Electrochromic materials are utilized in various applications, including wristbands, e-sports apparel, smart sunshades, and flexible textile displays. By controlling the current via a mobile phone application, users can adjust the fabric’s color, enabling transitions between black, white, and blue to achieve “personalized dressing”. Certain products can also indicate battery levels through color intensity, displaying green when the battery is fully charged and red when it is low. Clothing designed to resemble game character skins employs electrochromic fibers to simulate color changes that occur when “skills are triggered” in the game. For instance, the fabric may partially brighten or change color upon skill activation, thereby enhancing the user’s sense of immersion. Once powered on, the sunshade’s transparency can be modified to regulate the amount of light entering a space, effectively replacing traditional manual sunshades. In vehicles, the light-transmitting mode of a sunroof’s sunshade can be swiftly adjusted using buttons located inside the car. Flexible textile display screens integrate electrochromic fibers into large-area fabrics, which can serve as advertising screens or stage backdrops to showcase dynamic text or patterns. For example, these textile advertisements can be displayed in shopping mall windows and can switch content in real time.

In addition to the three mainstream materials mentioned above, several color-changing materials have been specifically developed for particular applications. Although these materials are relatively niche in fiber applications, they serve precise functions that address specific functional requirements. For example, wet-chromic materials, including cobalt salts and certain organic dyes, undergo color changes when exposed to water or high humidity, reverting to their original color upon drying. These materials can be employed in “waterproof testing”; for instance, wet-chromic fibers used in the stitching areas of outdoor footwear can indicate seal failure by turning red upon water leakage. The outer layer of baby diapers is constructed from moisture-chromic fiber, which changes to blue when wet, signaling a need for change. Hydrogel-based humidityresponsive fibers can contract or expand in response to moisture absorption, facilitating the development of adaptive textiles.
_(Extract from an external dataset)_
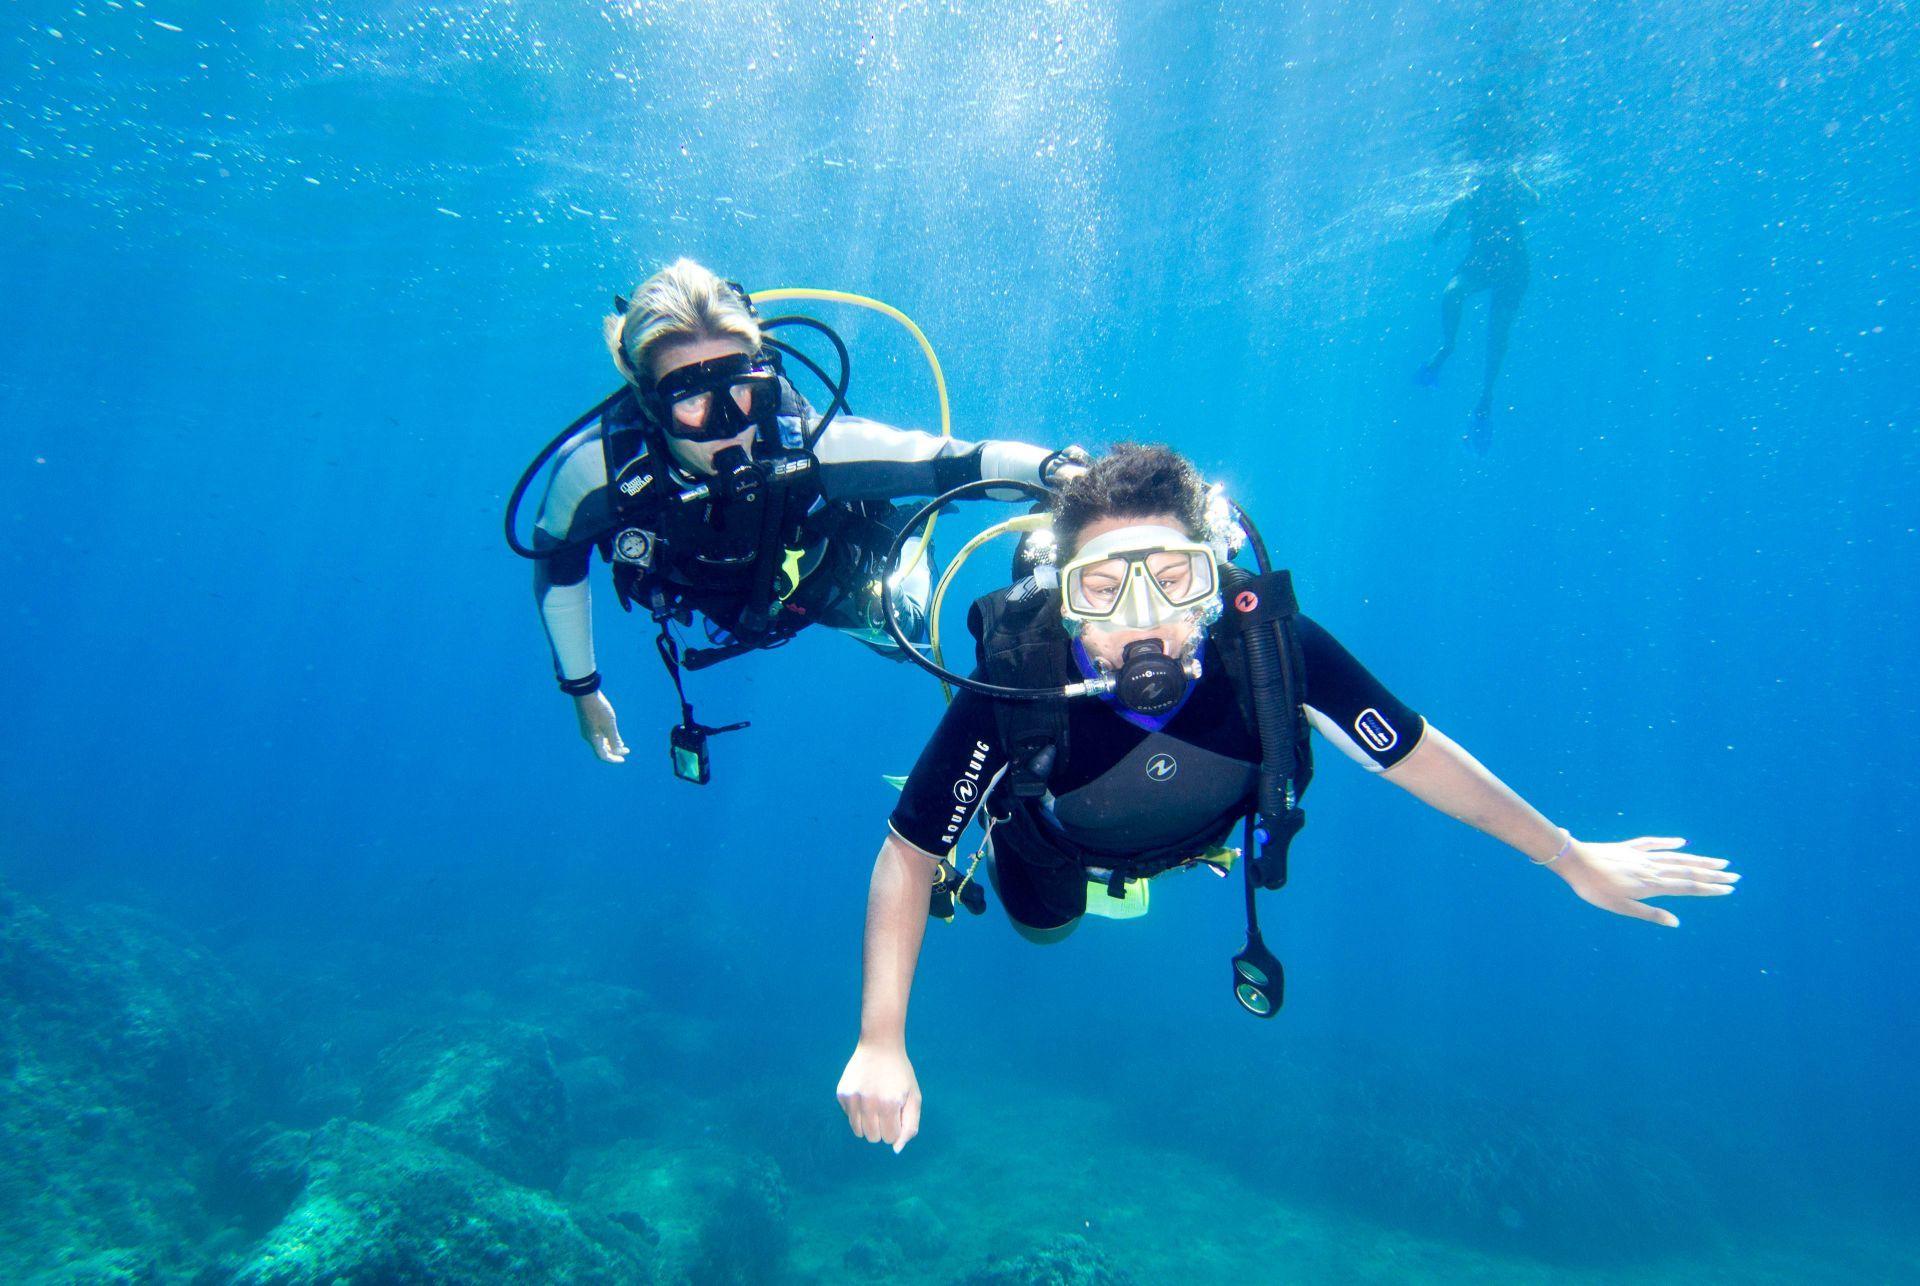 Greece sports: Scuba diving in Greece

These fibers have potential applications in humidity sensors or alarms and may also be utilized in biomedical fields, such as drug delivery systems and smart hemostatic bandages [19].
a) pH-chromogenic materials (e.g. phenolphthalein, bromocresol green): sensitive to environmental pH, the color of these fibers’ changes in response to acidity and alkalinity. Primarily utilized in medical applications, wound dressings incorporate pH-induced chromogenic fibers. When a wound becomes infected and the pH of the exudate increases, the fibers transition from pink to blue, thereby alerting healthcare professionals to take timely action [20].
b) Mechanically discolored materials: color changes in response to mechanical stress are notable phenomena. For instance, twisted fibers coated with thermochromic dyes serve as optical strain sensors, signaling the strain experienced by the fibers through observable color changes [21]. Additionally, fibers possessing photonic crystal structures alter their lattice spacing under stress, leading to a blue shift in the structural color, thereby facilitating the visual detection of strain [22].
c) Structural color materials: the application of light interacting with micro- and nano-structures to produce colors offers several advantages, including environmental friendliness, resistance to fading, and high brightness. This approach demonstrates significant potential for coloring carbon-based fibers [18]. For instance, photonic crystal structures created on the surfaces of carbon fibers through atomic layer deposition (ALD) technology can yield photonic crystal carbon fiber yarns and fabrics that exhibit tunable structural colors alongside excellent mechanical properties [23]. Conversely, magnetic field-responsive structural color fibers employ magnetic nanoparticles that assemble into a one-dimensional chainlike structure in response to a magnetic field. This assembly facilitates dynamic changes in structural color, presenting innovative possibilities for smart textiles, sensors, and anticounterfeiting applications [24].

Despite the wide range of applications, the scale-up of colorchanging materials in fibers is still facing some technical bottlenecks, while moving towards smarter and more practical directions [25].

Most color-changing materials, particularly small-molecule photochromic and thermochromic substances, are susceptible to degradation from water washing and friction, which adversely impacts their performance and longevity [18,26]. Currently, technologies such as microcapsule coating and chemical bonding are employed to enhance fixation; however, it remains essential to strike a balance between “washability” and “color change sensitivity”[6,3,5]. While the response speed of electrochromic fibers is relatively advanced, photochromic and thermochromic fibers exhibit slower color-changing responses and a limited number of cycles under extreme conditions, including low temperatures and intense light [27,4].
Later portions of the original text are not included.